Task requirements – Return, without anything added, the lines from the one containing "Man fishing from" through the end of the entries below, exactly as written.

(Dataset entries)
============================================================

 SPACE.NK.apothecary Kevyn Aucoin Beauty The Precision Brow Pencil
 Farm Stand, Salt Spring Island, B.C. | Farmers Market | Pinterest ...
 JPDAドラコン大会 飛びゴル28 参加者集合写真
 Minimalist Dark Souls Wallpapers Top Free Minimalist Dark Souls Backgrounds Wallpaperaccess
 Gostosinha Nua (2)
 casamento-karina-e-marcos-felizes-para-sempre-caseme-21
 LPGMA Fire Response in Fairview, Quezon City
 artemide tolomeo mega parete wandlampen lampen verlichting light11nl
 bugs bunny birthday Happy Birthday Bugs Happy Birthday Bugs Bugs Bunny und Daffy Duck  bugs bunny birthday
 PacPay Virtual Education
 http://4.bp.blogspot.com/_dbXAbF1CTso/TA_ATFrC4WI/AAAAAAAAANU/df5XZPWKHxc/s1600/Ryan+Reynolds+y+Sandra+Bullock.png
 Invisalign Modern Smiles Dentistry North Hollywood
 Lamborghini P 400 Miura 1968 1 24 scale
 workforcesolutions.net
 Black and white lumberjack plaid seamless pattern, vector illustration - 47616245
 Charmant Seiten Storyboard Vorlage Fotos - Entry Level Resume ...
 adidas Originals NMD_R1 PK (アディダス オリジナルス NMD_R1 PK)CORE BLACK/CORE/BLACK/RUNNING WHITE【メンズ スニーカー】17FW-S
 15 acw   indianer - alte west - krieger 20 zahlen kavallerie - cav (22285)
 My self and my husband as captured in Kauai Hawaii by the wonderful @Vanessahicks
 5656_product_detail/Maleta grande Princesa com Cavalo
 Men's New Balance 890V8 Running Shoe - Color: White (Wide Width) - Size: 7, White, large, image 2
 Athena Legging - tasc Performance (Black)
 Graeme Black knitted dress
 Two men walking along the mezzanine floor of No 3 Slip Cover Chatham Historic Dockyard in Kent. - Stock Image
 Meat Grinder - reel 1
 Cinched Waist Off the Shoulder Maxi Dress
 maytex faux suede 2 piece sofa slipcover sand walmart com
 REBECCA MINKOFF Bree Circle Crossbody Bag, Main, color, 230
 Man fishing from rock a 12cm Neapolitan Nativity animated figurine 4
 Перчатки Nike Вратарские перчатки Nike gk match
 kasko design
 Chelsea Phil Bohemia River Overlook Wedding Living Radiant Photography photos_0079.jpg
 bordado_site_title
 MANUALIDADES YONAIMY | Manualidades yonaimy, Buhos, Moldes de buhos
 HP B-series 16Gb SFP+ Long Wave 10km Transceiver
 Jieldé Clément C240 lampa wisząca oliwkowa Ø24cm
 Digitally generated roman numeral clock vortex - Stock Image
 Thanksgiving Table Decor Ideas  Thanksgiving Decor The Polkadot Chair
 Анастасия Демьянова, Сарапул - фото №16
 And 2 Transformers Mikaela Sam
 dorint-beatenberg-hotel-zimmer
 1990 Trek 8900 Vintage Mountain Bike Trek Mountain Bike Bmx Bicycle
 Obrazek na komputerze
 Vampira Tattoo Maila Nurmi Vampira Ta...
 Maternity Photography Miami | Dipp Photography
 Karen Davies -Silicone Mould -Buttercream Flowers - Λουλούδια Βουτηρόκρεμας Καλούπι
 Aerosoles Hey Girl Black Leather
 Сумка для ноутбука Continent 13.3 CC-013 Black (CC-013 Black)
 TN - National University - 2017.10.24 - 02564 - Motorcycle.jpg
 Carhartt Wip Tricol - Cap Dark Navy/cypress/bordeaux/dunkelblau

============================================================

Result below –
 Man fishing from rock a 12cm Neapolitan Nativity animated figurine 4
 Перчатки Nike Вратарские перчатки Nike gk match
 kasko design
 Chelsea Phil Bohemia River Overlook Wedding Living Radiant Photography photos_0079.jpg
 bordado_site_title
 MANUALIDADES YONAIMY | Manualidades yonaimy, Buhos, Moldes de buhos
 HP B-series 16Gb SFP+ Long Wave 10km Transceiver
 Jieldé Clément C240 lampa wisząca oliwkowa Ø24cm
 Digitally generated roman numeral clock vortex - Stock Image
 Thanksgiving Table Decor Ideas  Thanksgiving Decor The Polkadot Chair
 Анастасия Демьянова, Сарапул - фото №16
 And 2 Transformers Mikaela Sam
 dorint-beatenberg-hotel-zimmer
 1990 Trek 8900 Vintage Mountain Bike Trek Mountain Bike Bmx Bicycle
 Obrazek na komputerze
 Vampira Tattoo Maila Nurmi Vampira Ta...
 Maternity Photography Miami | Dipp Photography
 Karen Davies -Silicone Mould -Buttercream Flowers - Λουλούδια Βουτηρόκρεμας Καλούπι
 Aerosoles Hey Girl Black Leather
 Сумка для ноутбука Continent 13.3 CC-013 Black (CC-013 Black)
 TN - National University - 2017.10.24 - 02564 - Motorcycle.jpg
 Carhartt Wip Tricol - Cap Dark Navy/cypress/bordeaux/dunkelblau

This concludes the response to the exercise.